The Great Migration for Two Horns and Piano by Gina Gillie
The Great Migration was written in the fall of 2012 on a commission from MirrorImage, horn duo Lisa Bontrager and Michelle Stebleton, for the Western U.S. Horn Symposium 2013. Using the theme of “Safari” as requested by the commissioners, I decided to write a through-composed work about the migratory cycle of the wildebeests of the Serengeti.
Each year, the wildebeests undertake an arduous journey from Tanzania to the Maasai Mara of Kenya and back. This composition portrays various scenes from their journey and seeks to capture some of the playfulness, peril and grandeur of the cycle.

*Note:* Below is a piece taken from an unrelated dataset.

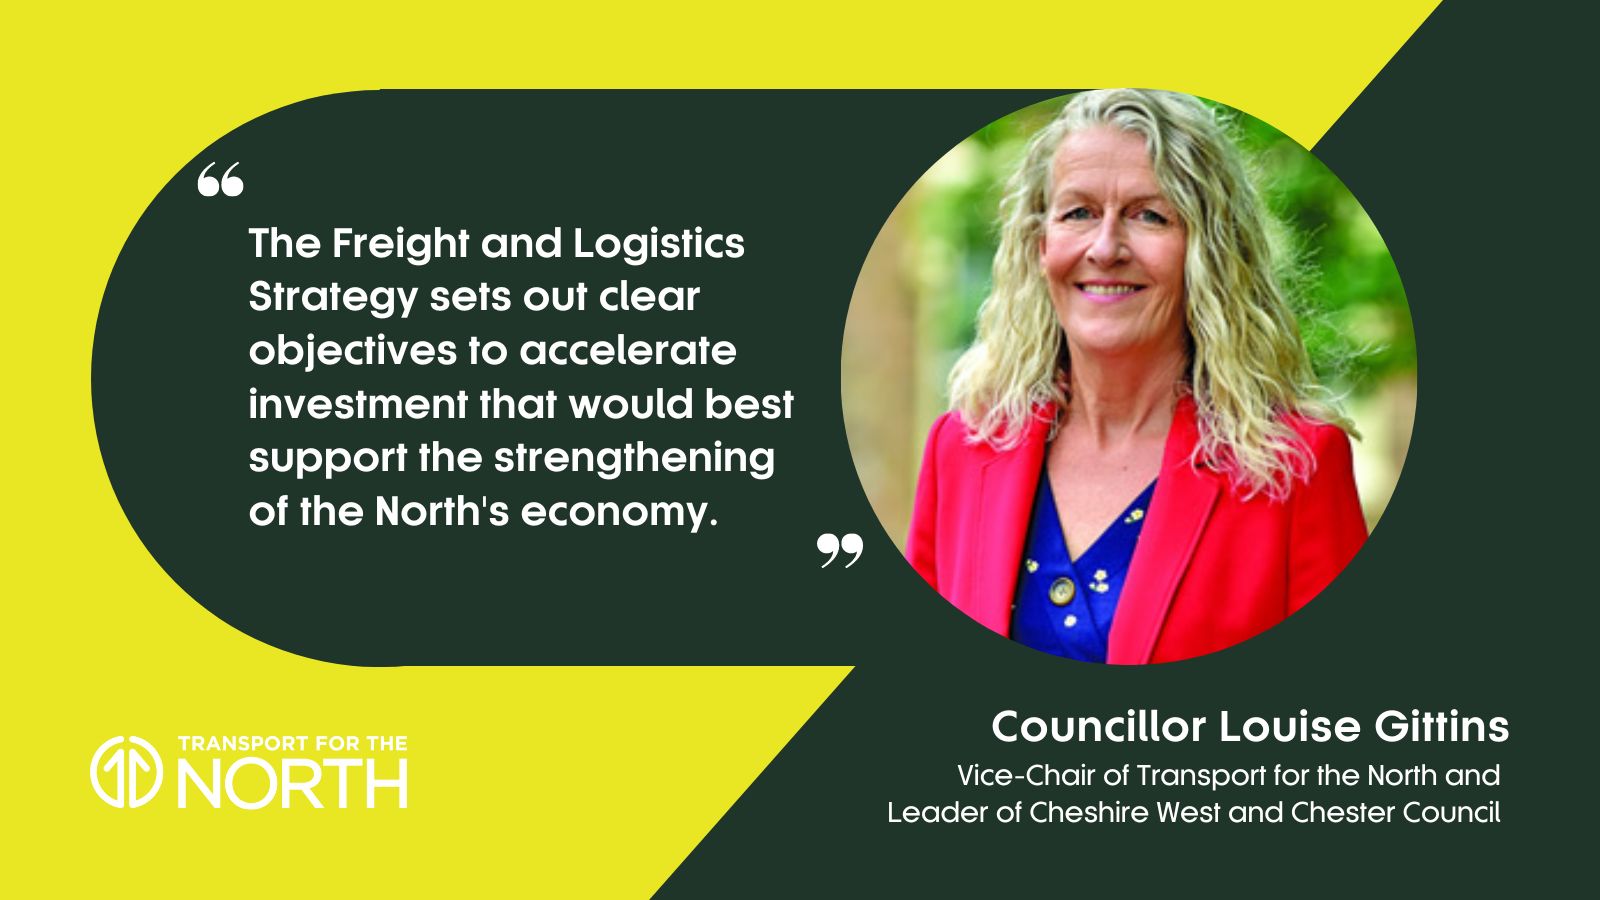 Cllr Louise Gittins on TfN's Freight and Logistics strategy

The piece begins during the rainy season in Tanzania with a staccato piano motif that symbolizes the falling of raindrops and imitates the plucked sound of an mbira. During this introduction, the horns take up a playful melody and countermelody. This lighthearted beginning is followed by the rutting season during which the male wildebeests fight for breeding rights. The drive of the music increases, and various rips, heavy accents, and flutter tonguing portray the clashing of wildebeest horns and dusty scuffling of hooves. After the breeding season, the land begins to dry up from a lack of rain, and the herds begin their journey north to Kenya to find more verdant plains on which to feed.

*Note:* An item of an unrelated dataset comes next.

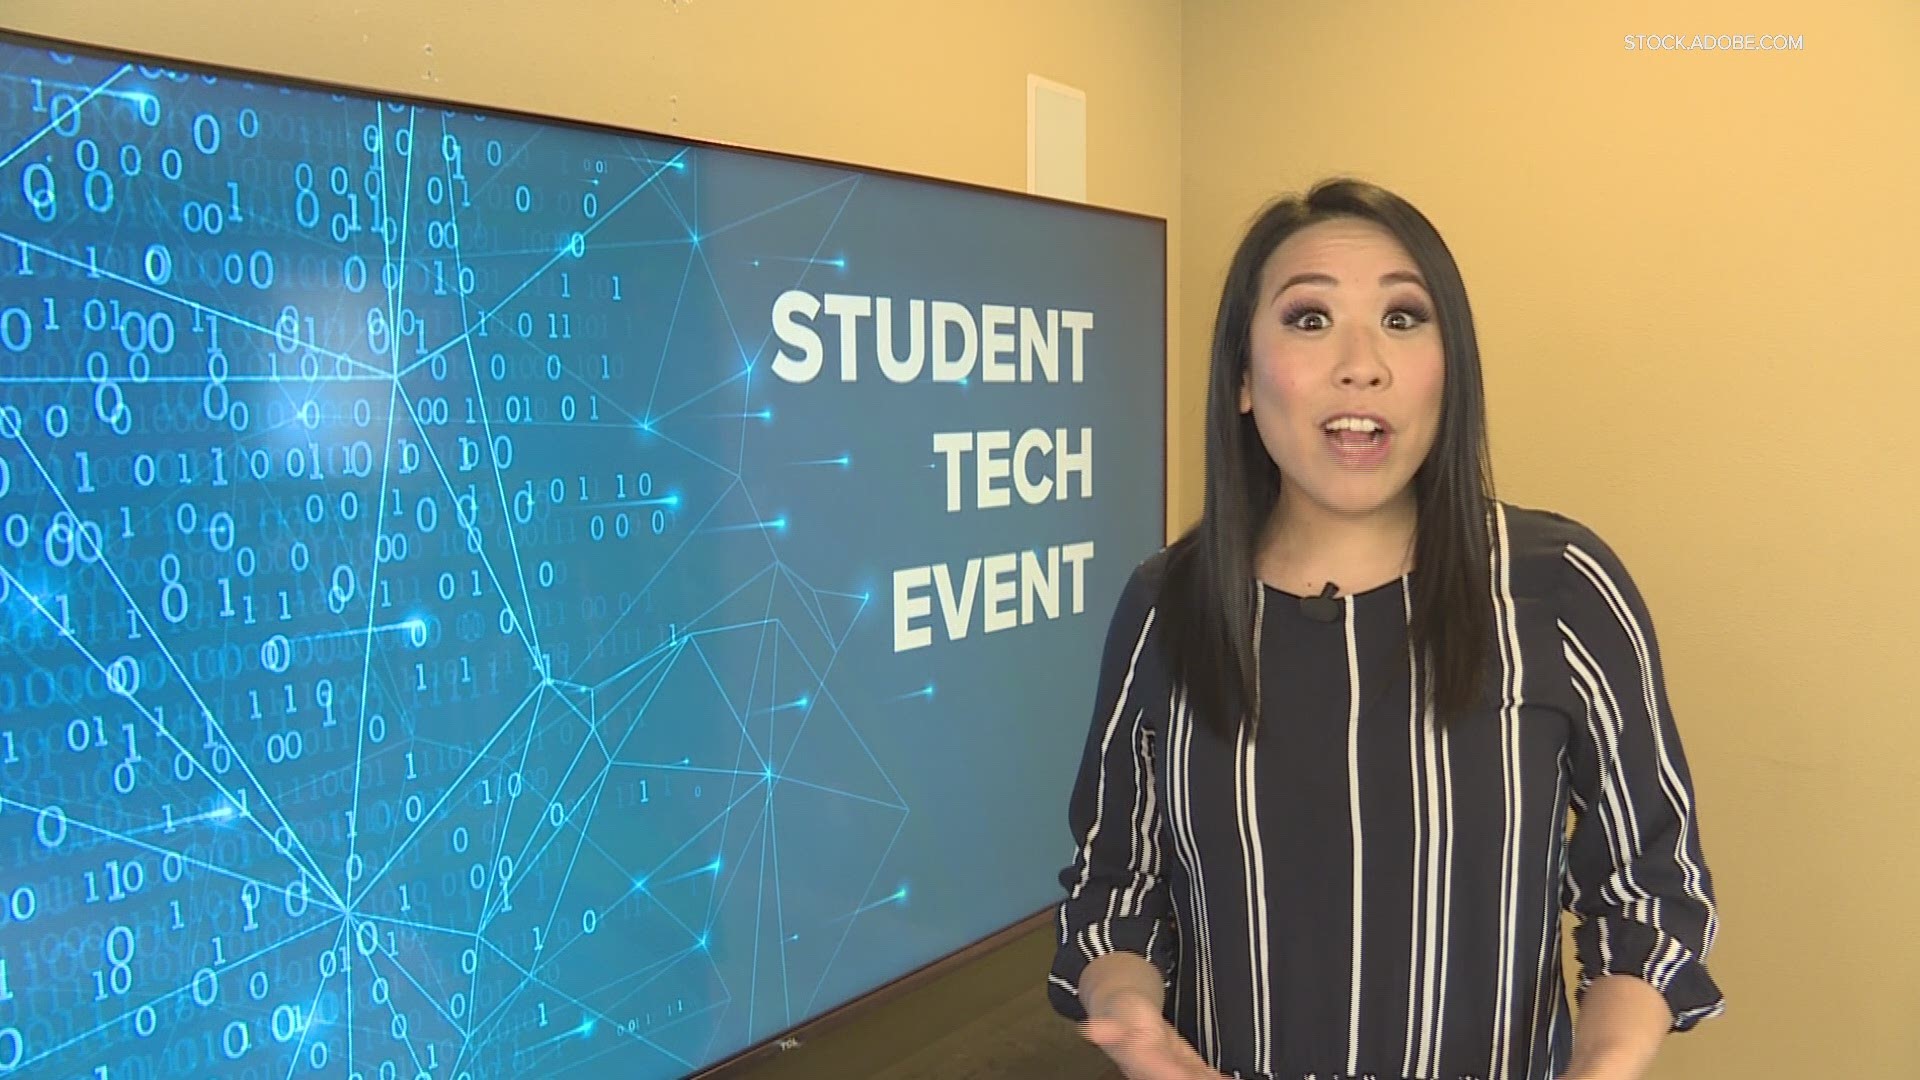 Here’s a fun opportunity for students interested in technology. Christine Pitawanich tells us about Hackathon.

The herds set out on their trek with a fanfarish theme imbued with determination. During their travels they will face many perils and stop for almost nothing. So driven are they to reach their destination that they will even travel by night. This nocturnal aspect of the journey is portrayed by whole tone scales which create a foreign and eerie quality.
After much traveling, the wildebeests reach their destination, the Maasai Mara of Kenya, which is green with grasses. The herds rejoice to a bouncy call-and-response theme in the horns, which dances and lilts through various time changes. The herds will graze here until the rains return which is a signal to begin migration back to Tanzania.
The journey back is extremely perilous since rivers that were dry before are now swollen with the new rains. The Mara River with claim many lives with its rapidly flowing waters and the crocodiles who have awakened for the feast. The undulating 6/8 meter portrays the swirling waters, and the glissandos and accents imitate the snaps and bites of the crocodiles.
Those that do make it across the river and back to Tanzania return home to rich grasslands and the births of the new claves. The journey has been difficult, and the final music portrays the heroic success of the wildebeests who have survived to begin the cycle anew.